If the concept of integrated care takes off, small intermediaries will be reluctant to take a back seat. Glen Smith is an intermediary at small healthcare specialist, Healthcare Partners, in Bushey, Hertfordshire. He has a number of corporate clients, and says all are highly satisfied with the service he provides.
“In my view, companies who use fee-based brokers will end up paying more and may not get better service. I work hard on my clients’ behalf to get them the best deal, I am not just adding to their costs.” He points out that with many services such as helplines being provided by outside companies, it is still possible for a small intermediary to offer a co-ordinated approach, using the expertise of external providers.

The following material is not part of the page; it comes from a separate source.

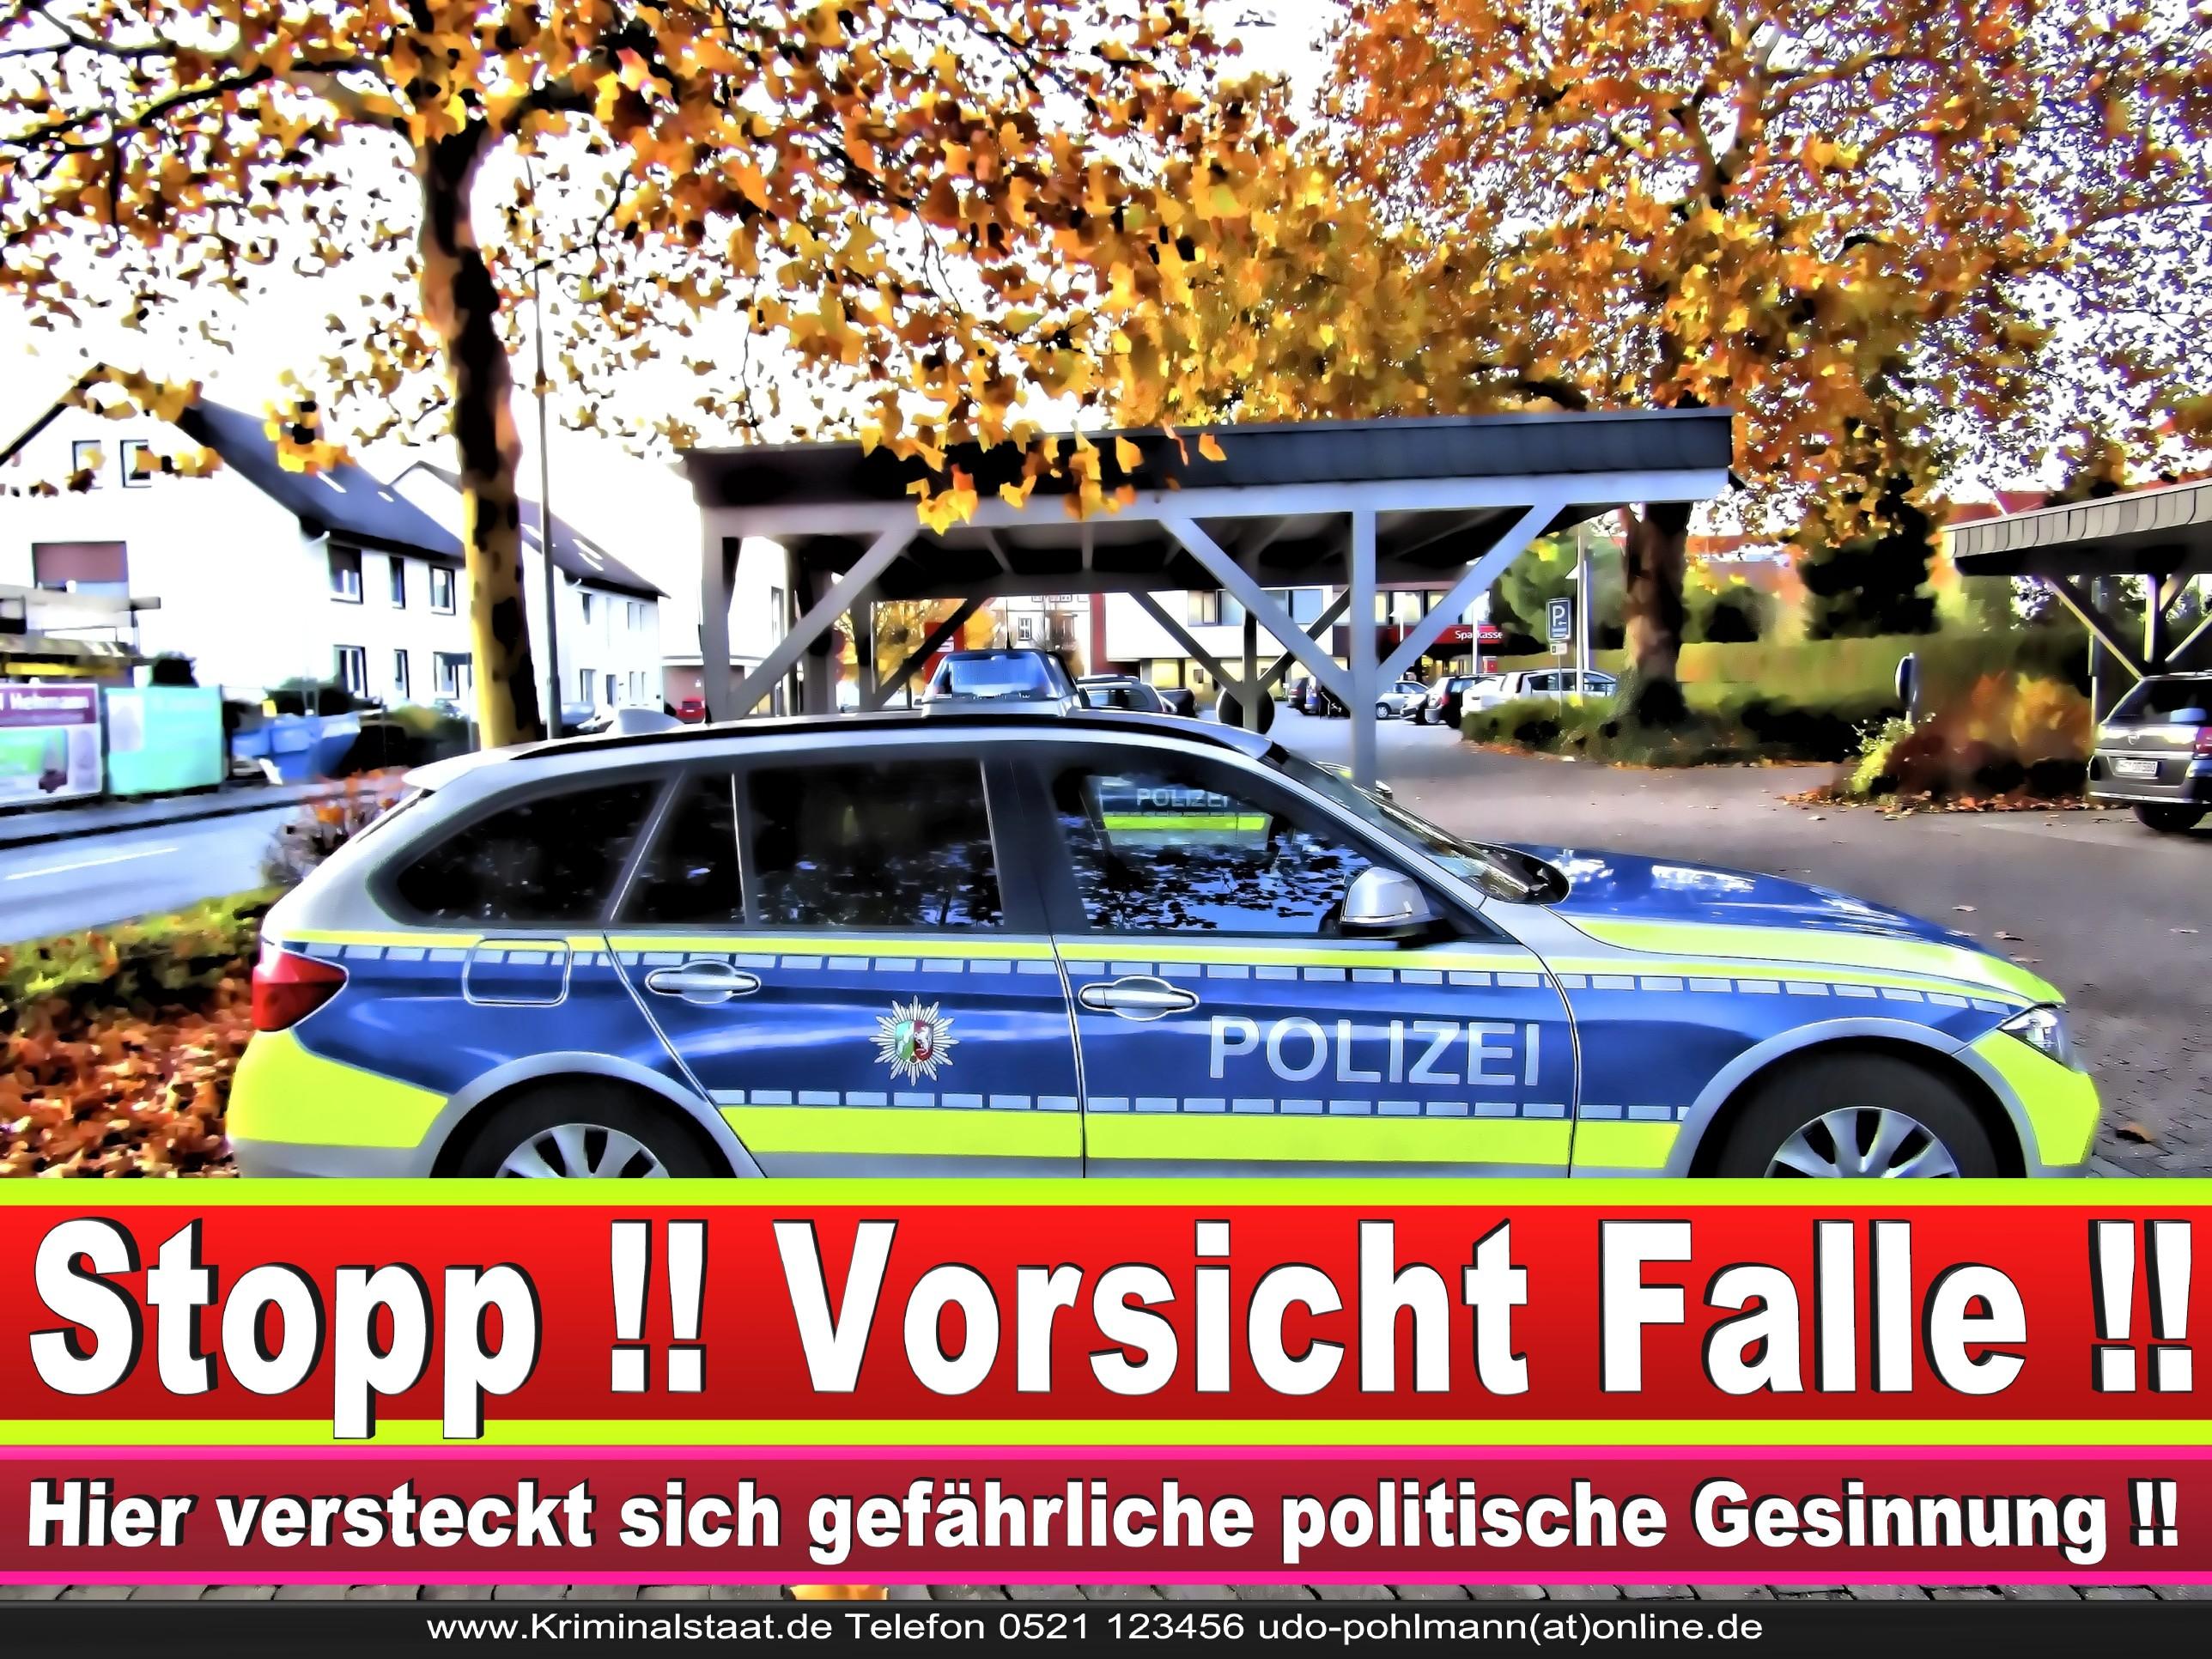 Polizei Halle Westfalen Kättkenstraße 7 33790 Halle Westfalen 4

Many intermediaries may feel integrated healthcare is fine in concept but is likely only to be used by multinational firms. However, they would be advised to think again. AON’s Dean believes the principles of integrated healthcare can be applied by companies with as few as 150 staff. Sedgwick Noble Lowndes says it would also be happy to work with smaller companies.
The message for smaller intermediaries it would seem, is to find out as much as possible about their clients’ needs, and then look to provide a service which does not merely look at PMI cover.
As Sabey of Lawrence Somerset summarises: “The greater the understanding of the different requirements of various types of corporates in terms of insurance, service and care, the better the chance of forming a successful market strategy.”